─── SUPPLIED DATA

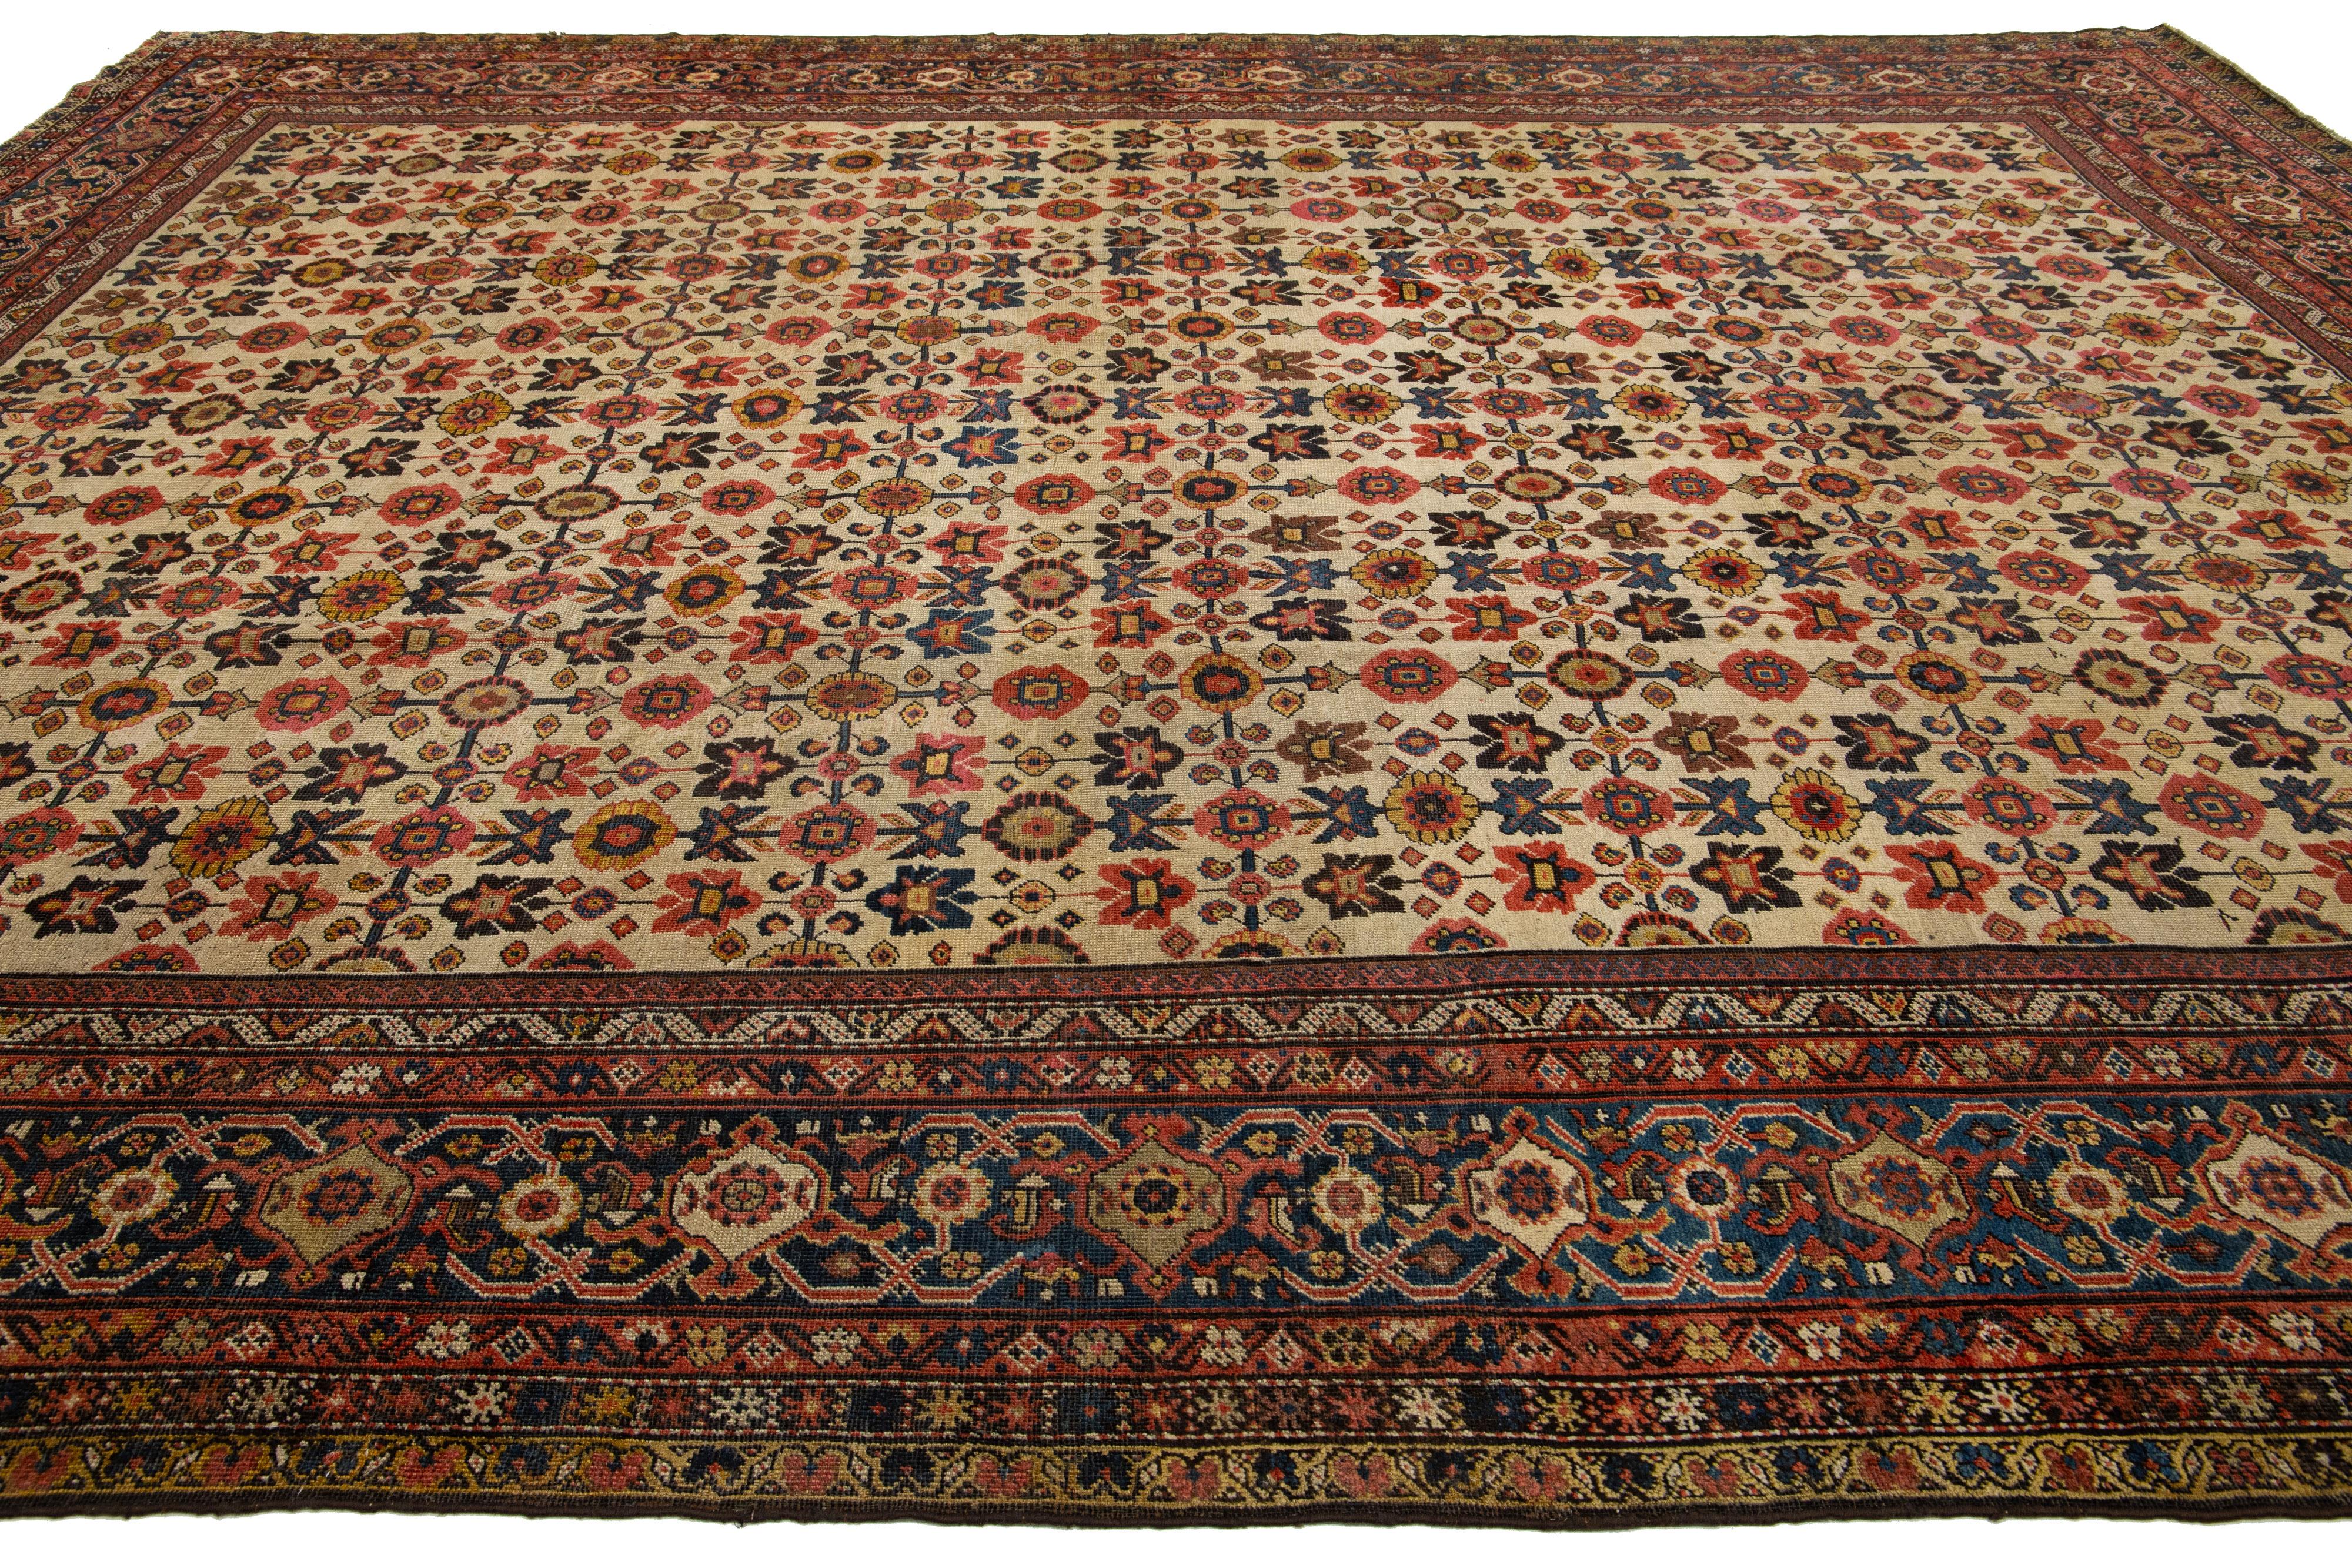 1880s Antique Persian Farahan Tan Wool Rug Handmade With Allover Floral Pattern In Excellent Condition For Sale In Norwalk, CT
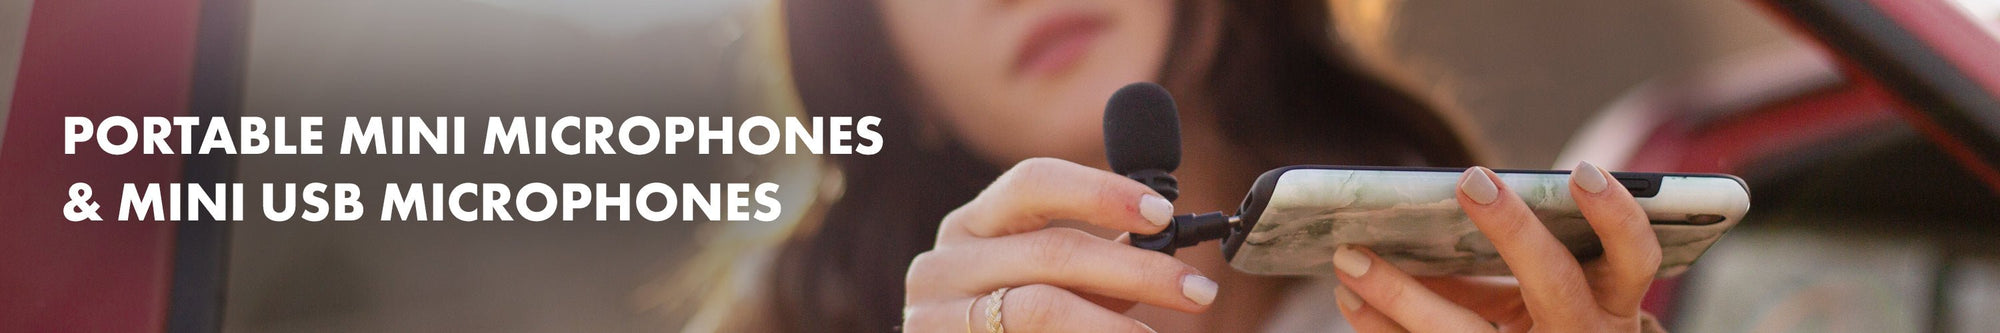 Best Mini Microphones for Recording - Your Pocket-Sized Recording Studio
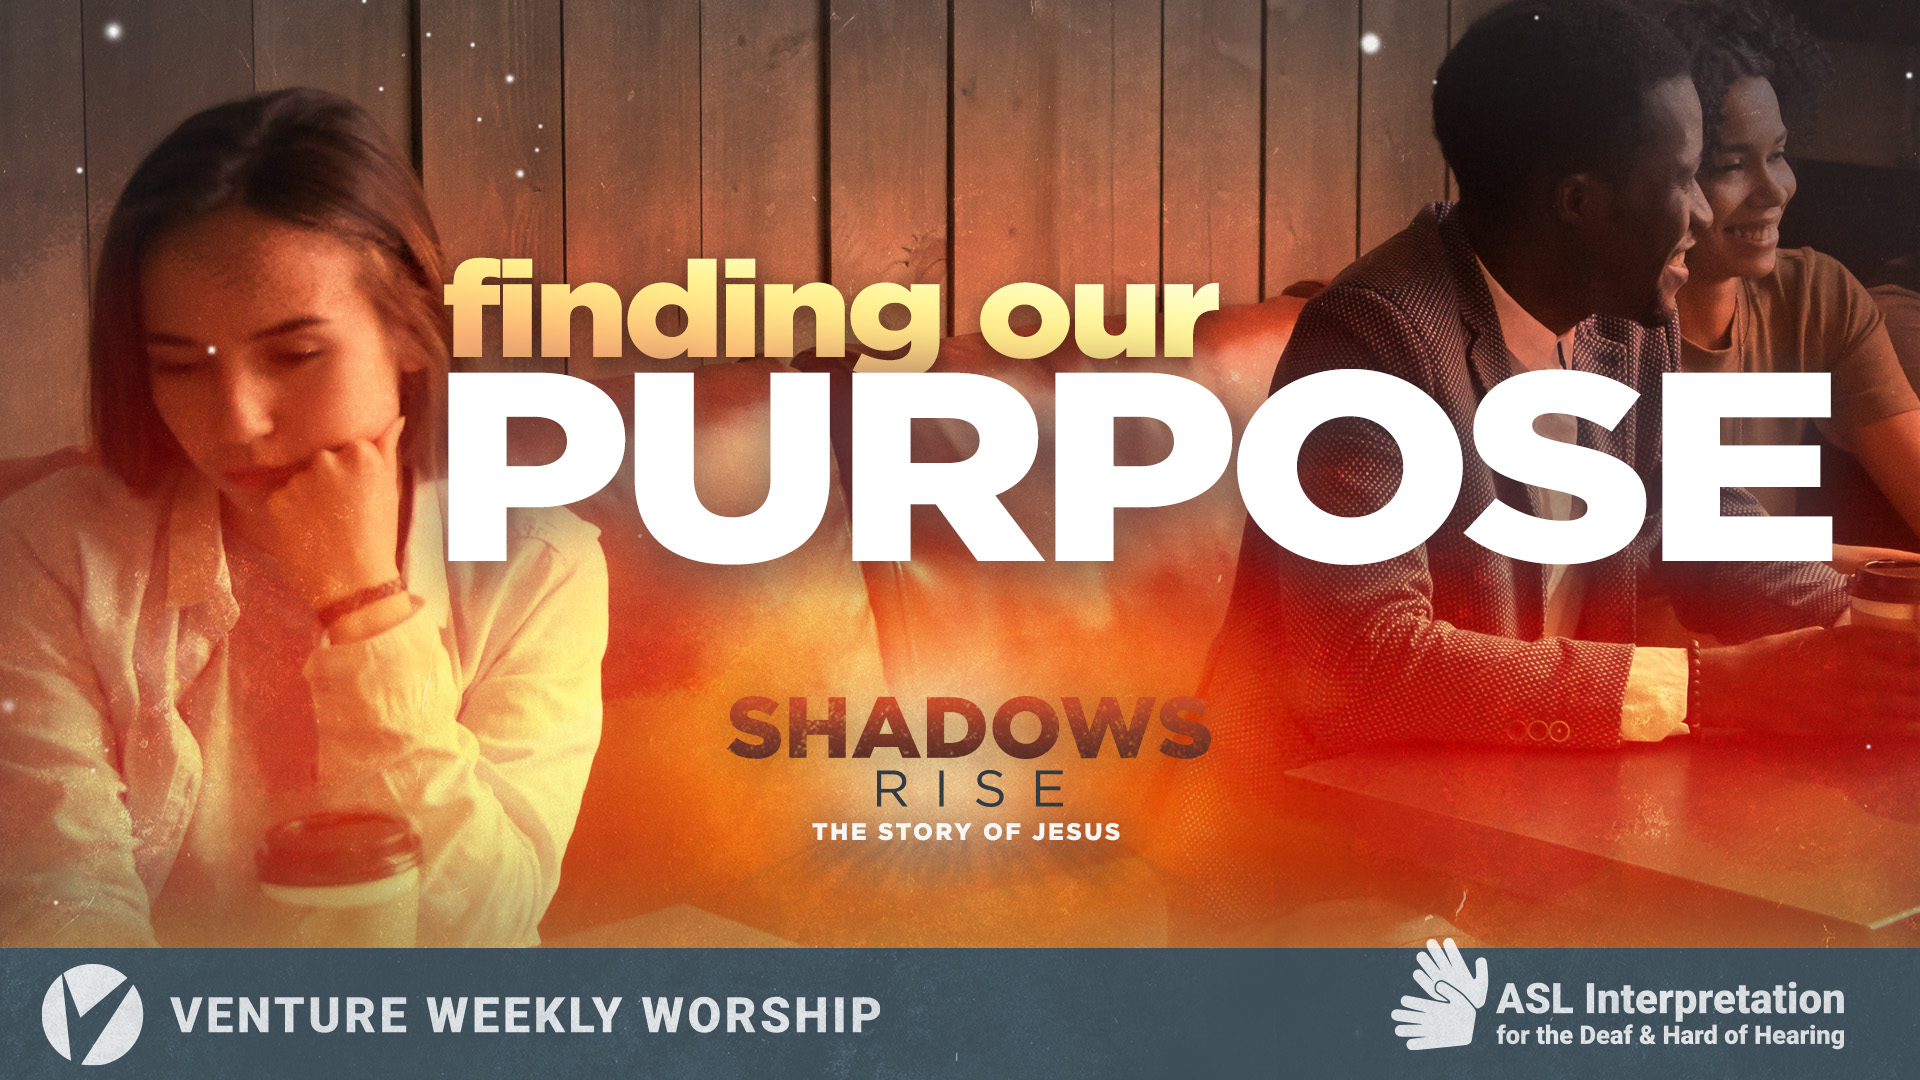 Shadows Rise: Where Do We Find Purpose?

──────

→ TASK BRIEF
Beginning with the line containing "Best Mini Microphones" and ending with the last line of the material, output each line exactly; do not include pictures.

→ FINISHED EXERCISE
 Best Mini Microphones for Recording - Your Pocket-Sized Recording Studio
 Shadows Rise: Where Do We Find Purpose?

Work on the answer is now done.